We’ve come a long way since Truman. Former presidents of both parties now routinely cash in on the office after leaving it, and people shrug at it as simple free-market activity. Presidential memoirs used to be the big payday, but now the speaking circuit holds just as much promise for quick cash from vested interests. Obama isn’t the first to discover this, nor the most egregious example. Bill Clinton wins that title, having spent $16 million in taxpayer money on his expenses and pension in as many years — while racking up perhaps more than $200 million in income over the same period.

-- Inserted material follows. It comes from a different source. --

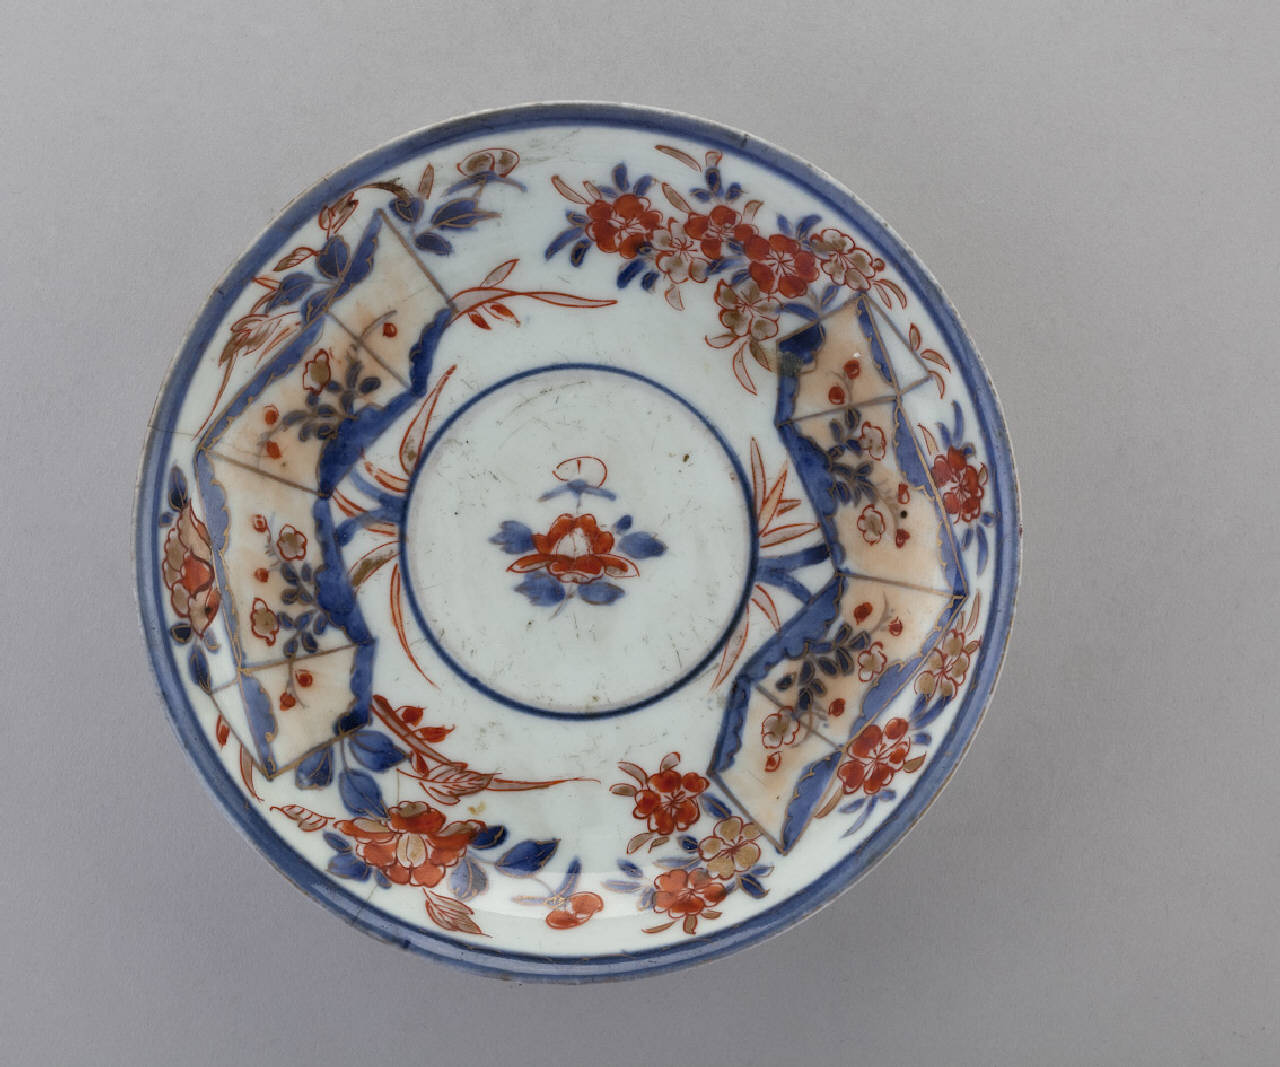 motivi decorativi floreali (piattino) - manifattura giapponese (prima metà sec. XVIII)

Clinton was so notorious that the New York Times editorial board was castigating him a decade ago and demanding changes in the “lavish pension” former presidents receive:

Today former presidents receive a lavish pension — $186,000, increased yearly — payable as soon as they depart the White House, regardless of their age. In addition, former chief executives are granted hundreds of thousands of dollars in annual staff, office and travel allowances. For fiscal year 2007, Clinton will receive approximately $1.16 million from the U.S. Treasury — his telephone stipend alone will come to $77,000. All former presidents are also entitled to free, round-the-clock Secret Service protection for themselves and their families. The cost of providing security for previous “first families” is estimated at $20 million a year.

According to the National Taxpayers Union, Clinton will reap a lifetime pension payout of more than $7 million, assuming a normal lifespan. The senior George Bush can expect to bank more than $3 million; for Carter, the total will likely top $4 million.

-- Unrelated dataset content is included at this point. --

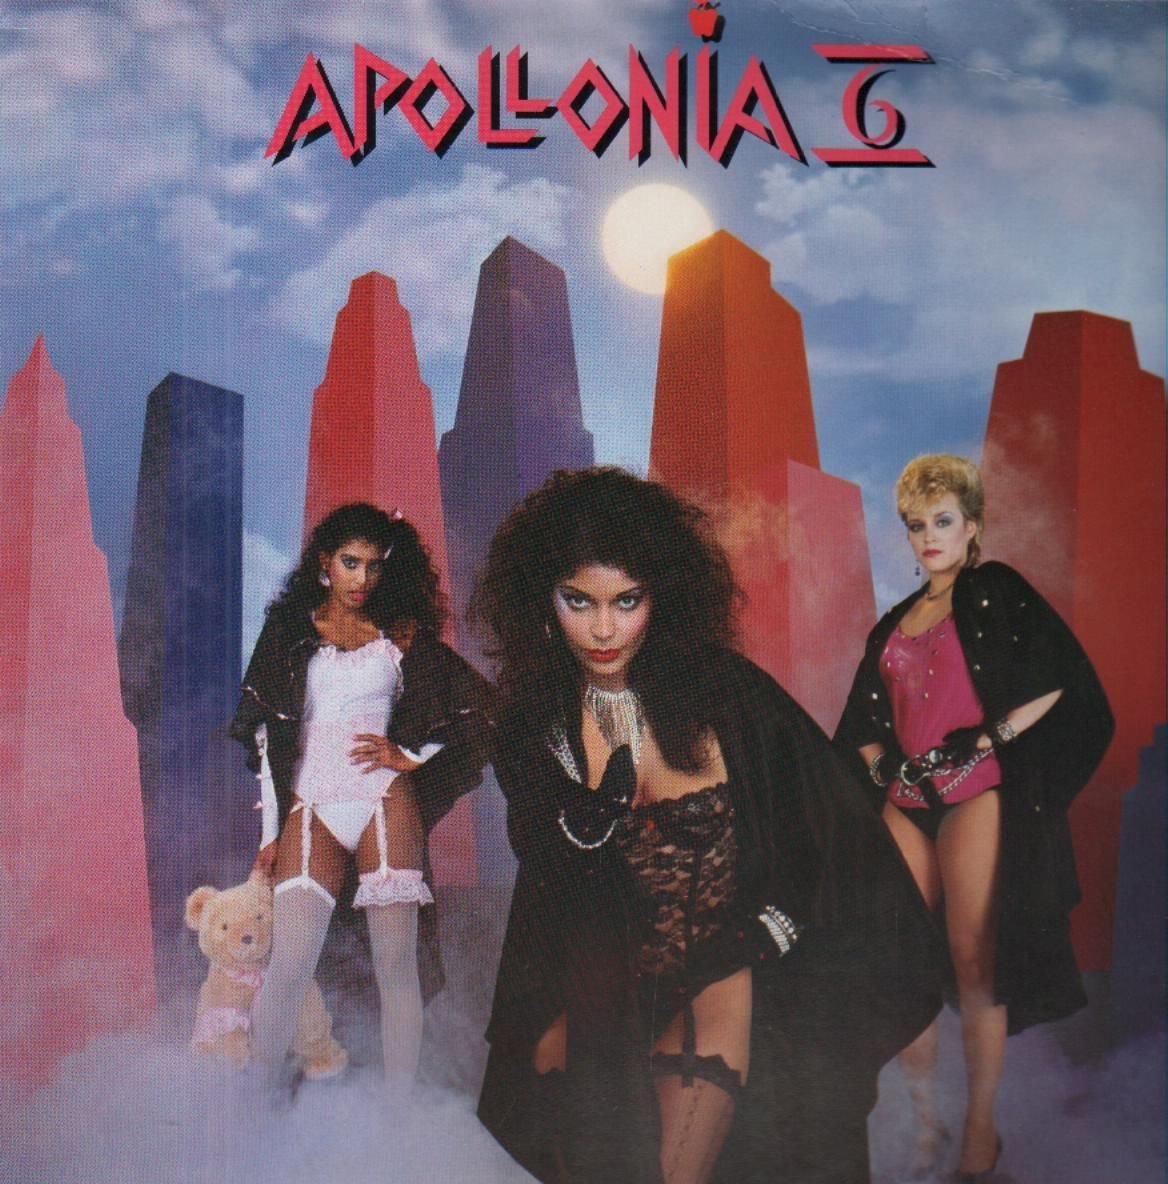 Apollonia 6 / Apollonia 6のジャケット

Few begrudge the Secret Service protection. Congress briefly capped it at 10 years in 1997 but repealed the limit shortly afterward, perhaps with Saddam Hussein’s nutty assassination plot of retired president George H. W. Bush in mind. Bush has outlived Hussein by a decade or so already, but the incident reminded everyone that former presidents remain high-profile targets.

However, this editorial demonstrates how insane the spending has become, especially regarding Bill Clinton. He has actually soaked up more than double the 2007 projection of lifetime costs just ten years later. There’s no indication that Obama plans spending on that scale, but we’re still in the early days of his retirement.

The only thing that’s changed since is the pension itself, indexed upward to $200,000. Chaffetz and Ernst tried to reform the system last year in a bill that passed with bipartisan support, but Obama vetoed it, claiming it would harm former federal workers. Those would be the workers who began serving former presidents, of course:

“It would impose onerous and unreasonable burdens on the offices of former presidents, including by requiring the General Services Administration to immediately terminate salaries and benefits of office employees and to remove furnishings and equipment from offices,” Obama wrote in his veto message.

He added that he would be open to reconsidering a revamped version of the bill if it addressed his concerns.


The best way to address this would be to stop paying office expenses right up front. Former presidents have plenty of income potential to pay for their own operations. A pension is not unreasonable, but neither is a means test to spare taxpayers the cost if it’s unnecessary.

Would it be fair to apply this retroactively to the current retirees? We have five at the moment — Jimmy Carter, the two Bushes, Clinton, and Obama — who would have to recalculate their financial commitments if those changes were made, but all except Carter have the means to do so. The pension isn’t a contract, and Congress should be able to allocate taxpayer funds as it sees fit otherwise. Politically, though, it probably will be easier to follow the tradition in presidential pension legislation and apply it only to future presidents. However, a limit on expenses applied immediately is not unreasonable, and in fact is long overdue — by about ten years.

Update: Forgot the link to USA Today, and added it in the edit. Also, cleaned up some ambiguous and incomplete thoughts in the middle two paragraphs.